* _Raw data_:
════════════════════
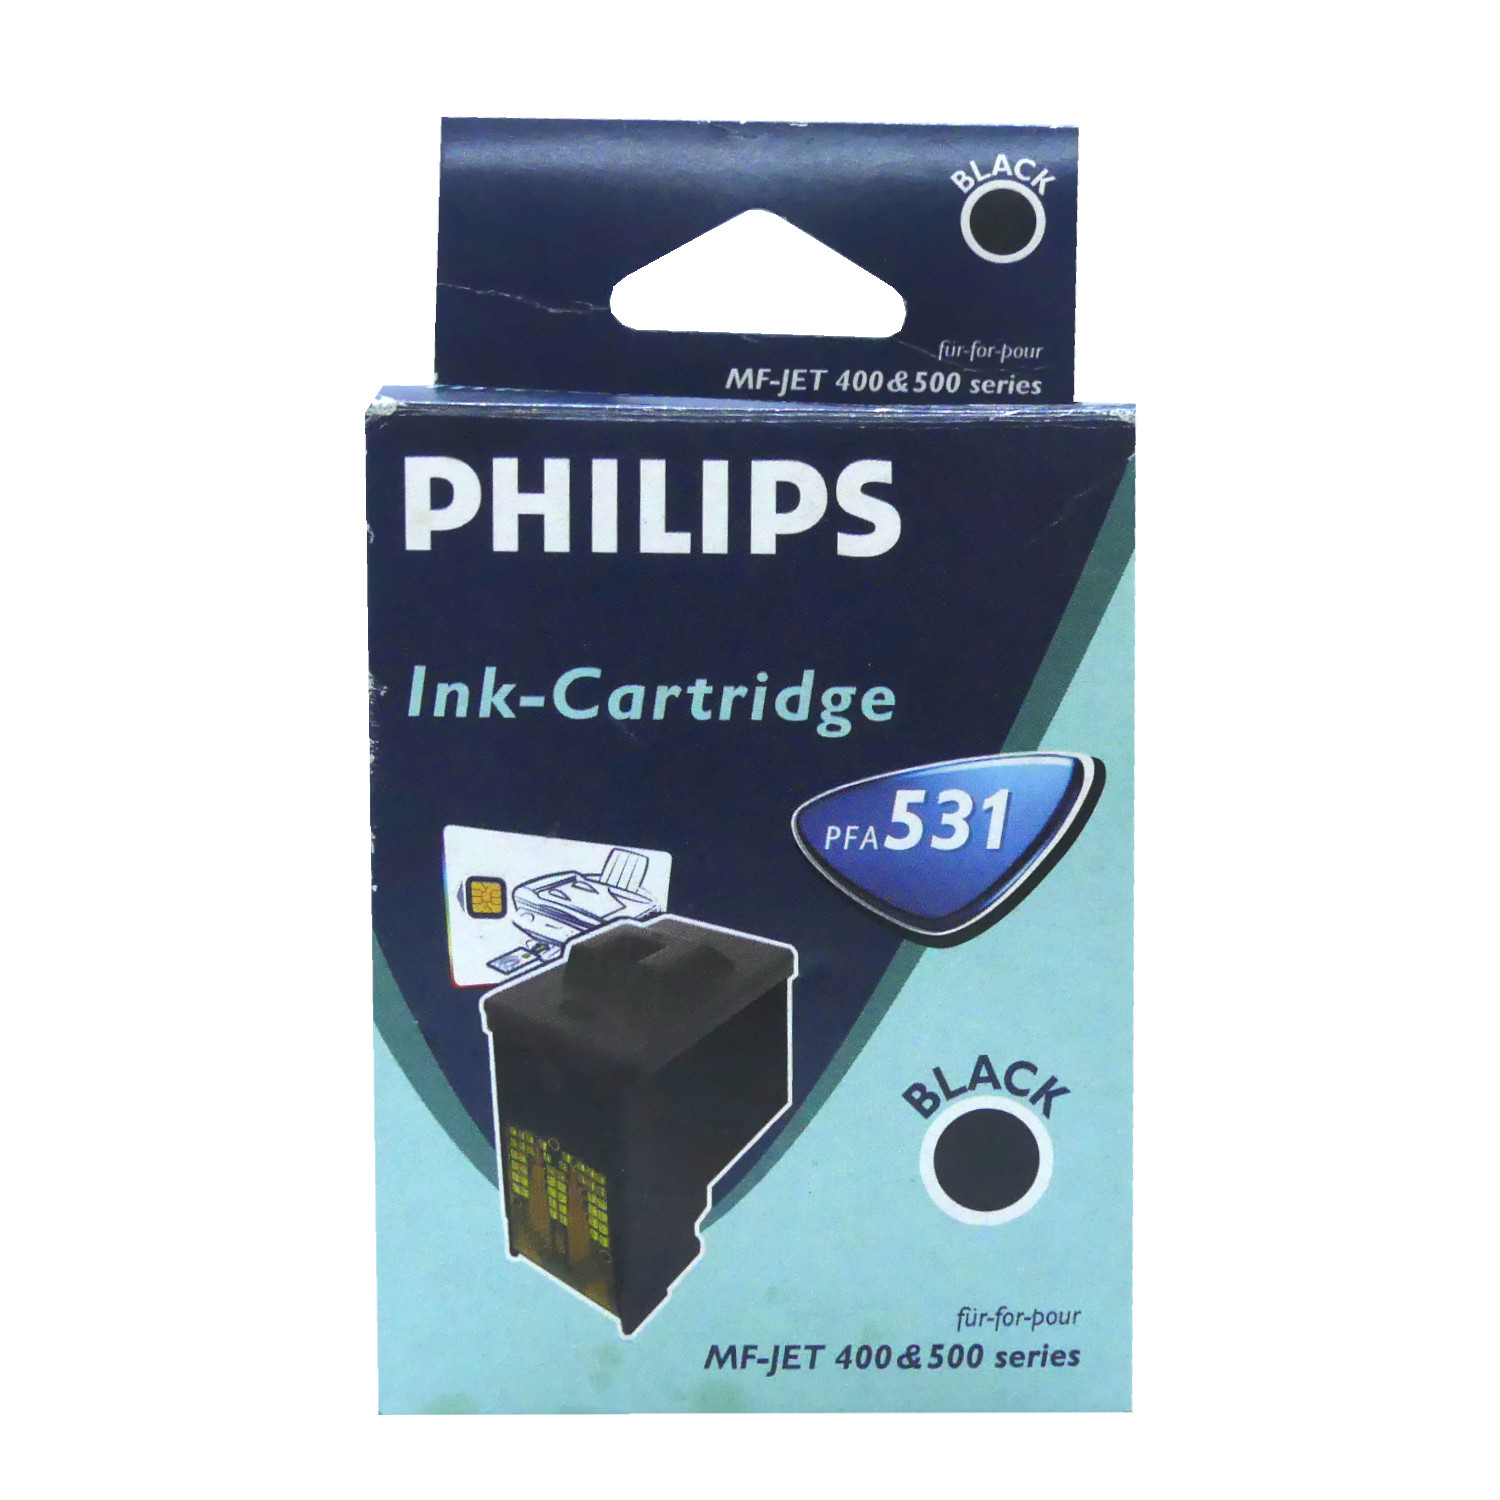 Philips PFA531 Tinten Patrone für MF-JET 400 & 500 Serie Original Ink-Cartridge
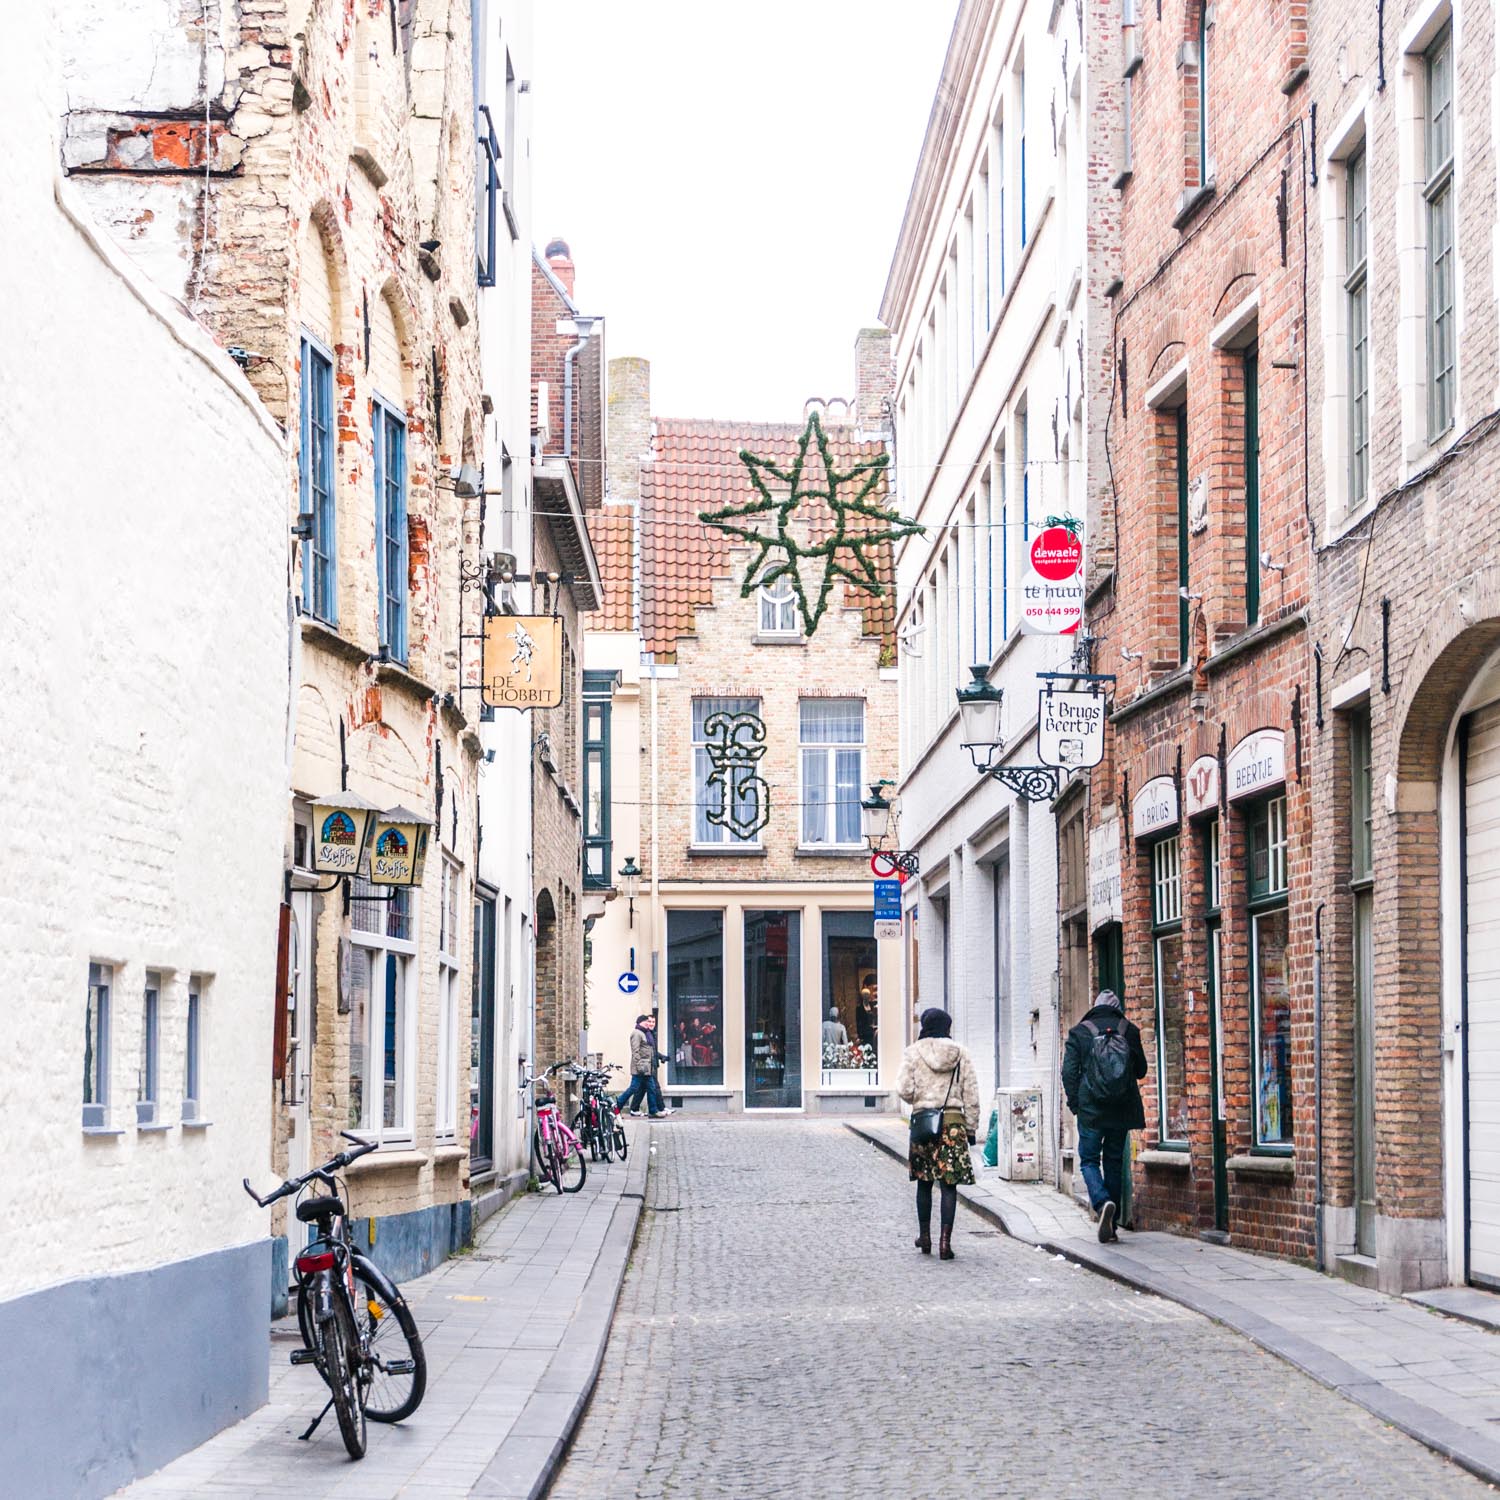 Christmas in Europe – Brussels > Brugge > Brussels
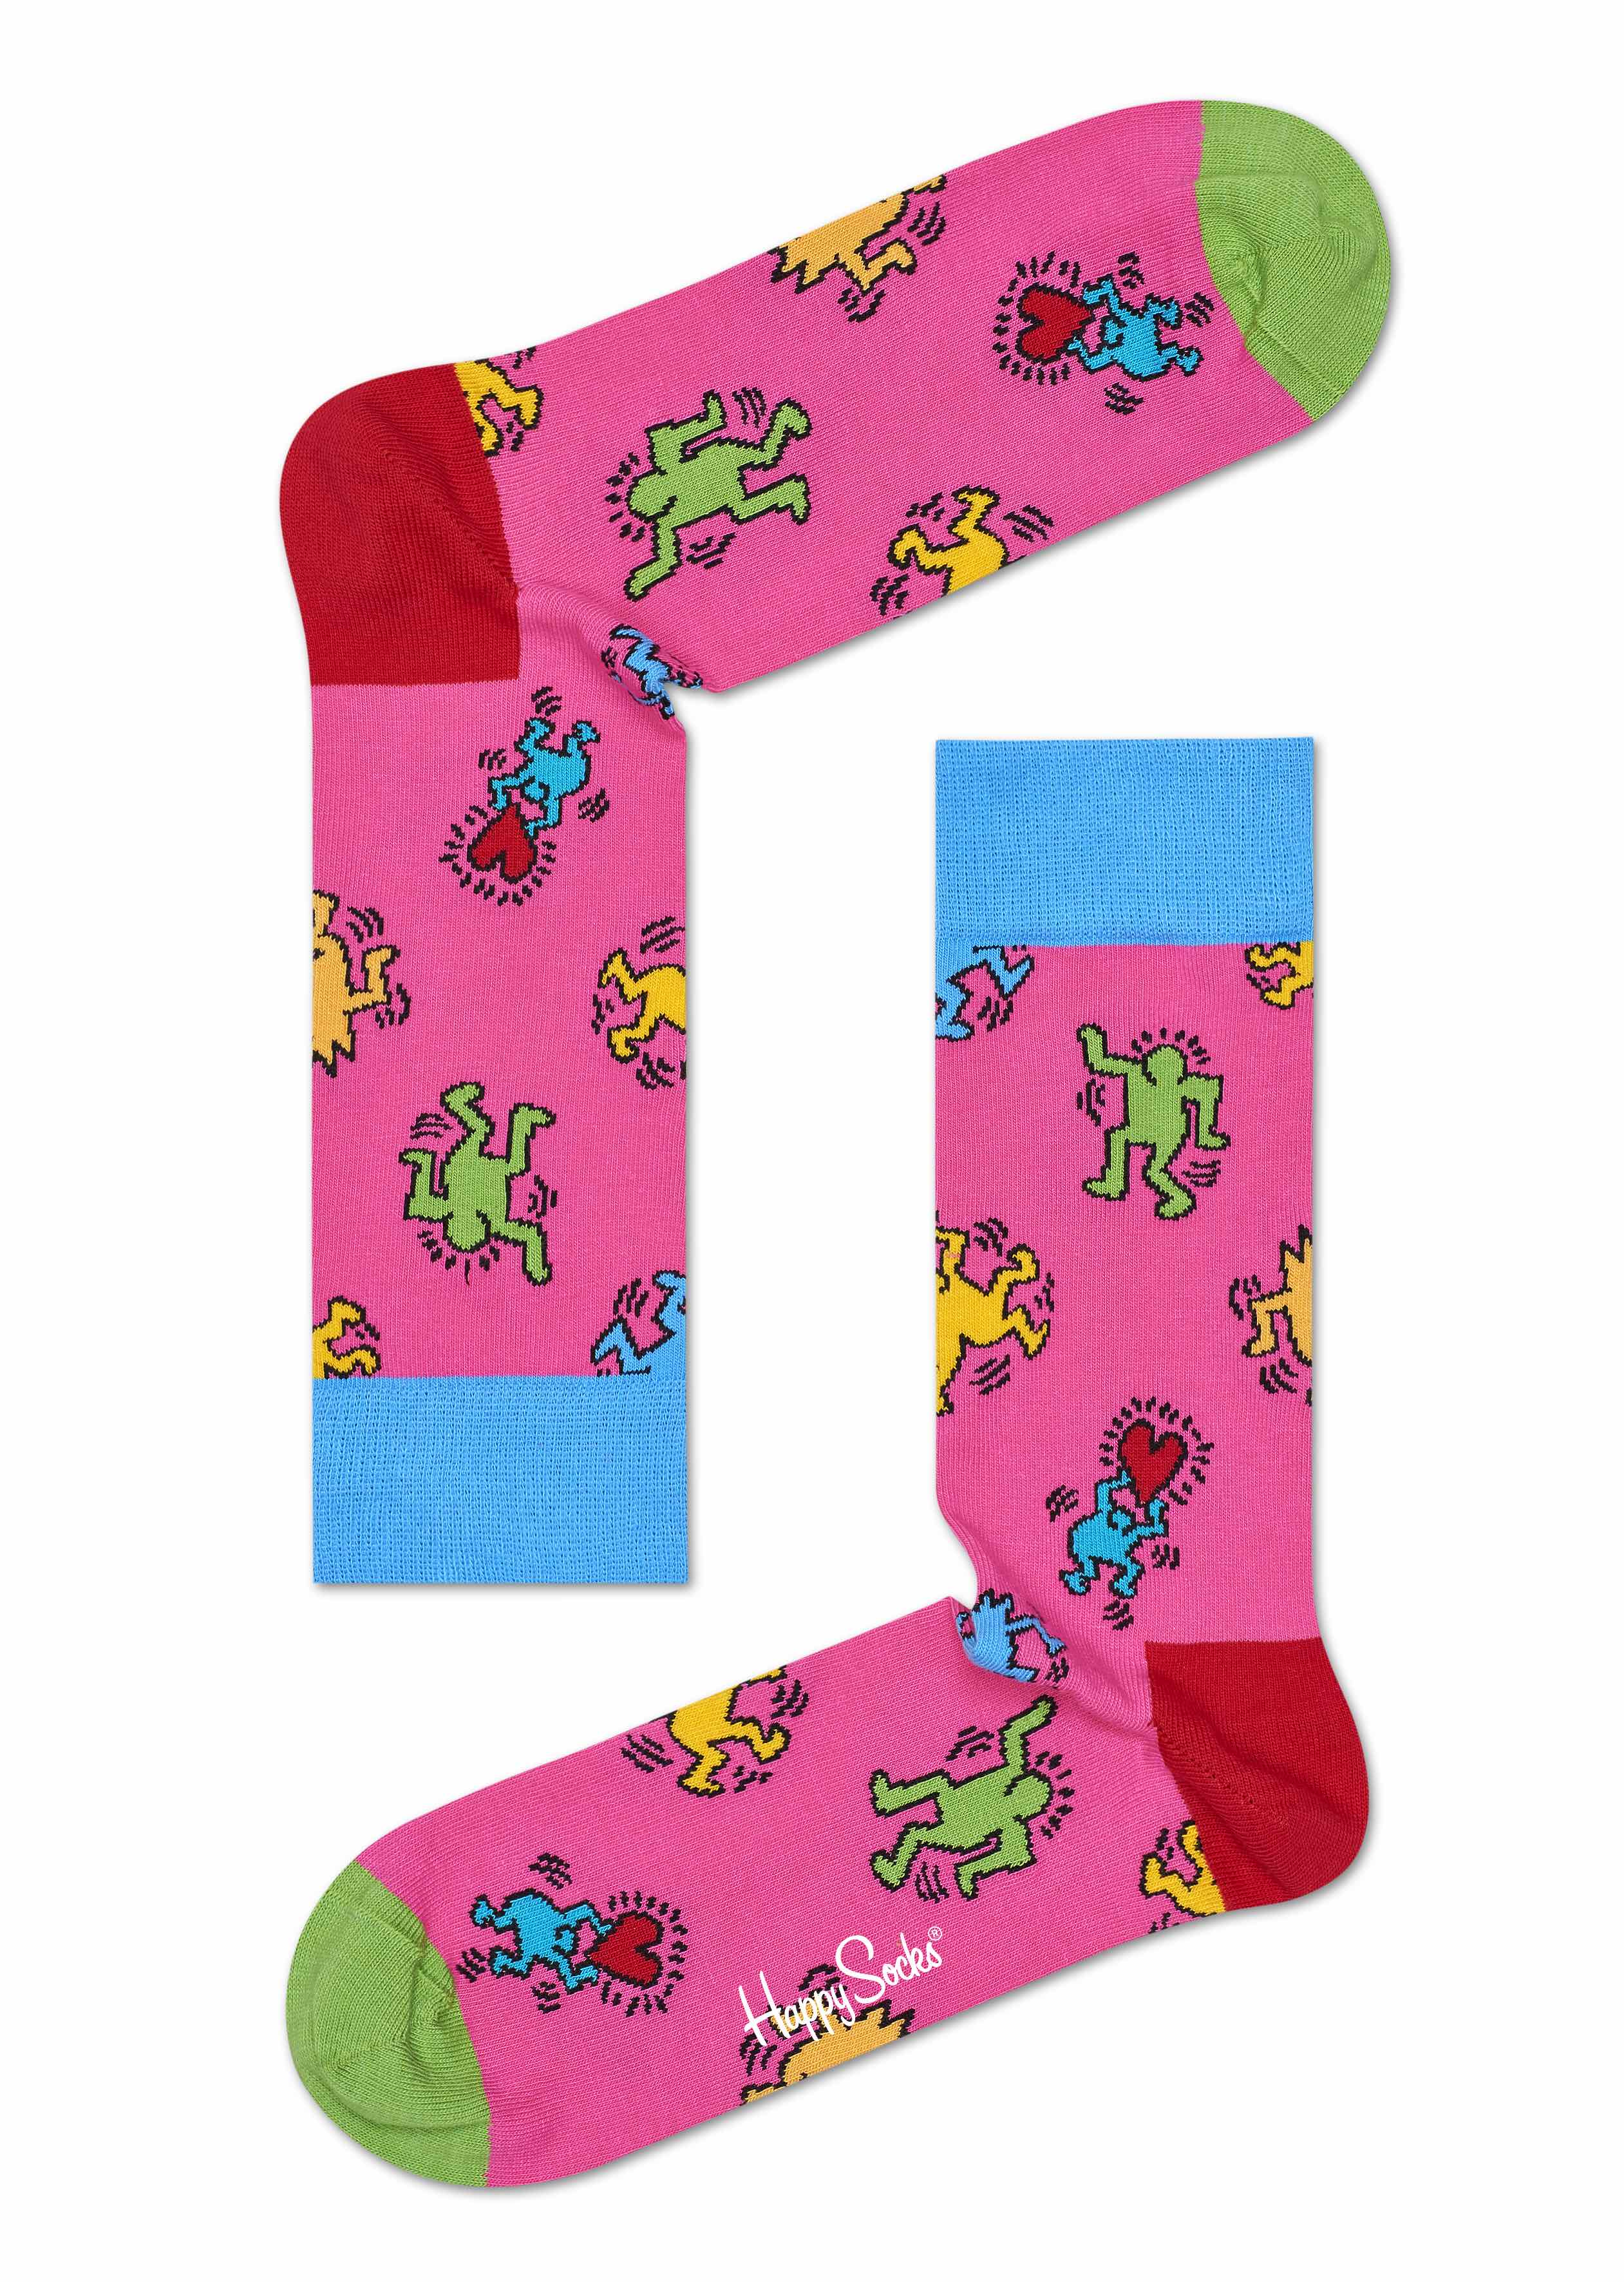 Happy Socks x Keith Haring strumpor rosa ny
════════════════════
* _What the task asks_: In the listing, find the line with "Christmas in Europe" and retype exactly from there through the last line, both included, leaving the pictures out.

* _Solution to this problem_:
 Christmas in Europe – Brussels > Brugge > Brussels
 Happy Socks x Keith Haring strumpor rosa ny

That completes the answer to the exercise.